California lawmakers approve bill to prohibit drones over private property

California lawmakers approve bill to prohibit drones over private property

California lawmakers approved a measure designed to restrict the use of drones over private properties without their owners’ permission. Flying a drone less-than 350 feet above a private property without prior permission would be considered a trespass violation.

The Assembly voted 43-11 to approve SB142, putting in on the way to the Senate for final approval.

Assemblyman Mike Gatto, a Democrat from Los Angeles, said allowing a drone to look into a private property should be considered a trespass violation in the same way as driving a car on someone’s property is considered.

Supporting the bill, Gatto said, “If you drive on someone’s property with a car, you’re trespassing. If you’re looking on someone’s property to break in, you’re trespassing. It makes no sense that a drone should be able to look in your window and the operator should not be guilty of the same trespass.”
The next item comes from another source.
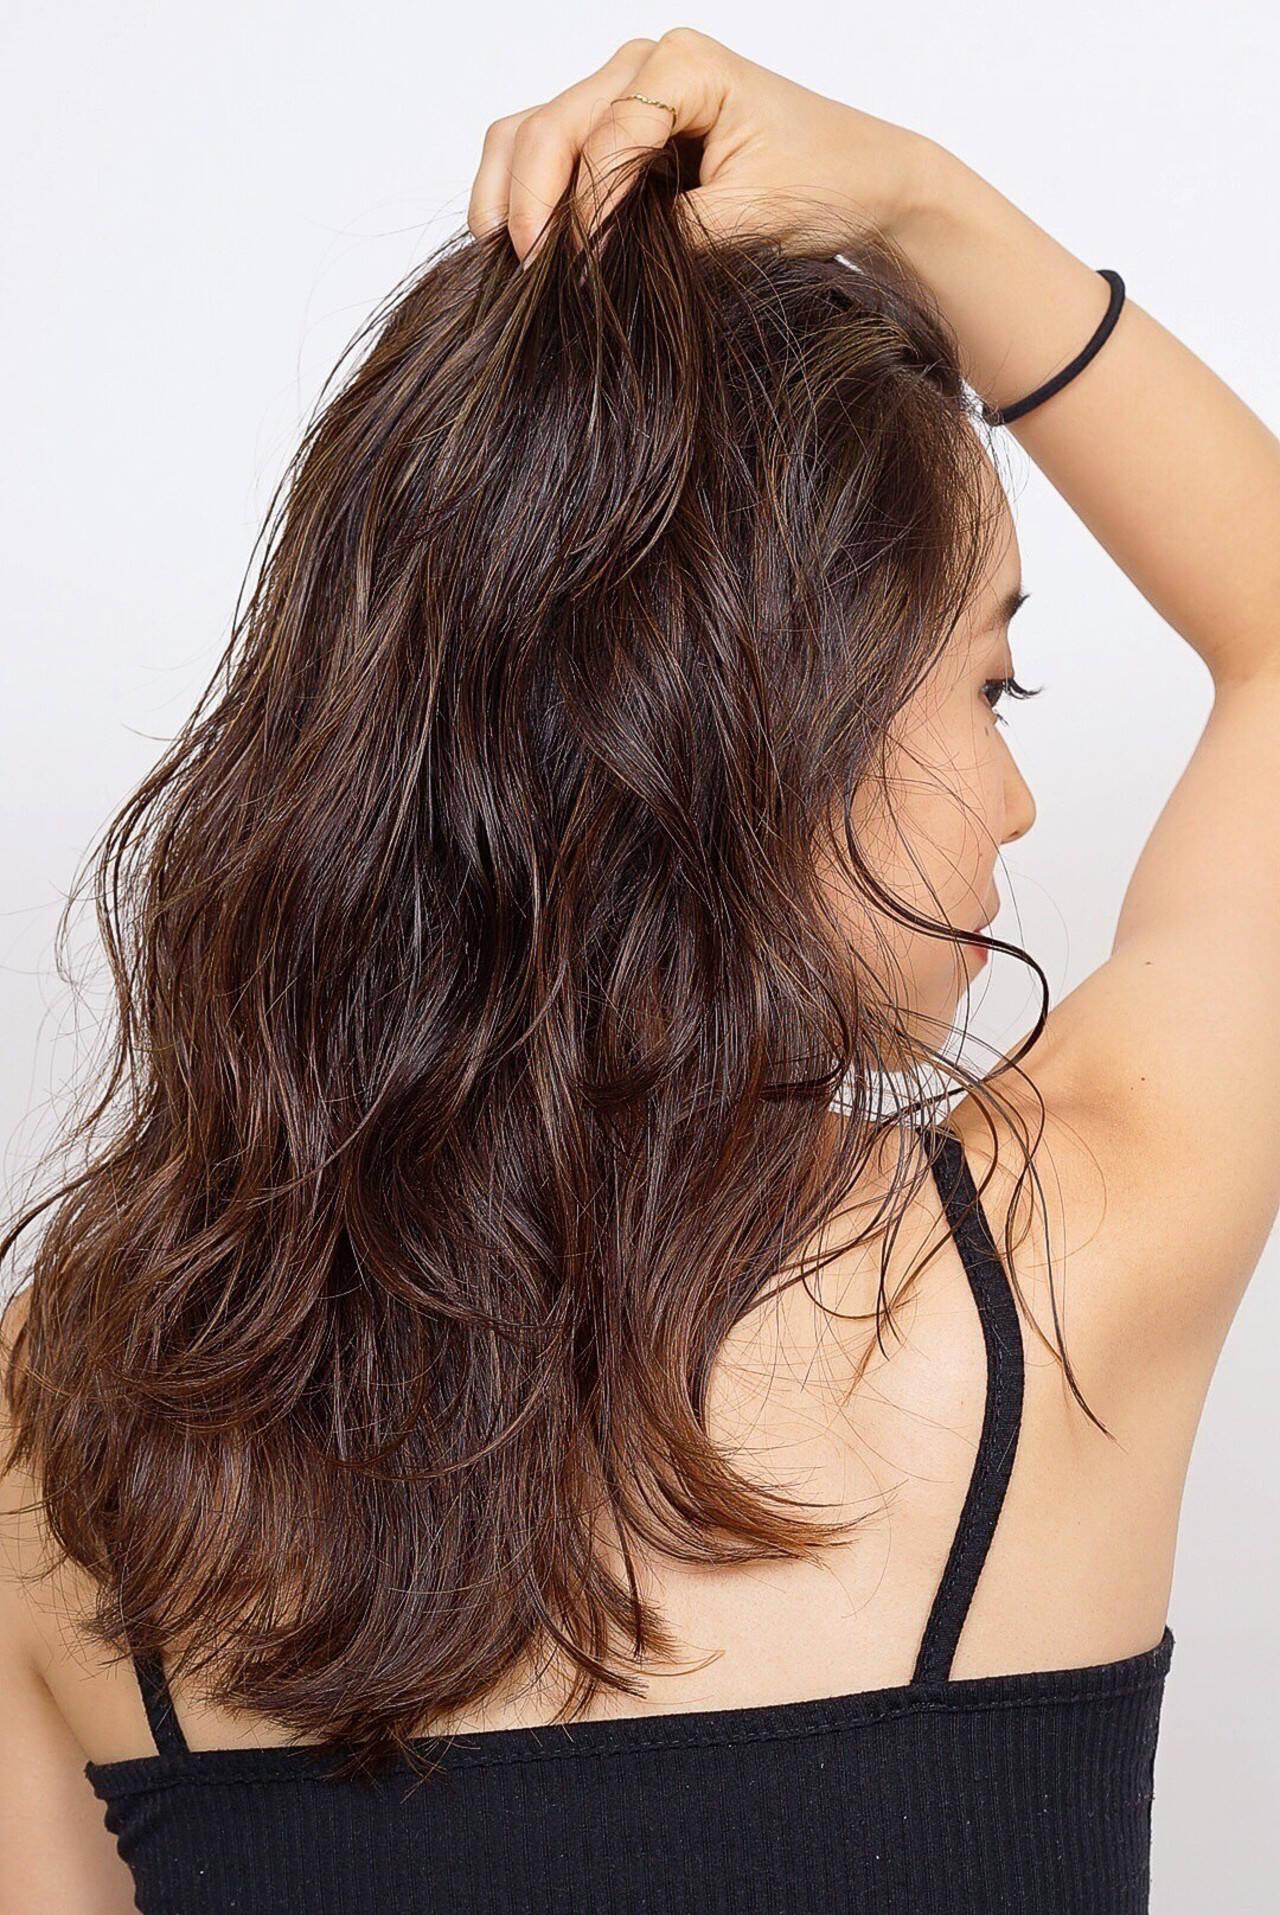 ロング 大人ロング モカブラウン まとまりヘアスタイルや髪型の写真・画像

Gatto also noted that under the measure, the operator of drone and not the manufacturer would be held liable for any trespassing violation. The bill was authored by Sen. Hannah-Beth Jackson (D-Santa Barbara), and presented by Gatto.

Some Assembly members raised concern that the bill would needlessly impose tough regulations on the burgeoning drone industry. Assemblyman Mike Gipson (D-Carson) said it could hurt the industry, which could result in loss of jobs and tax revenue.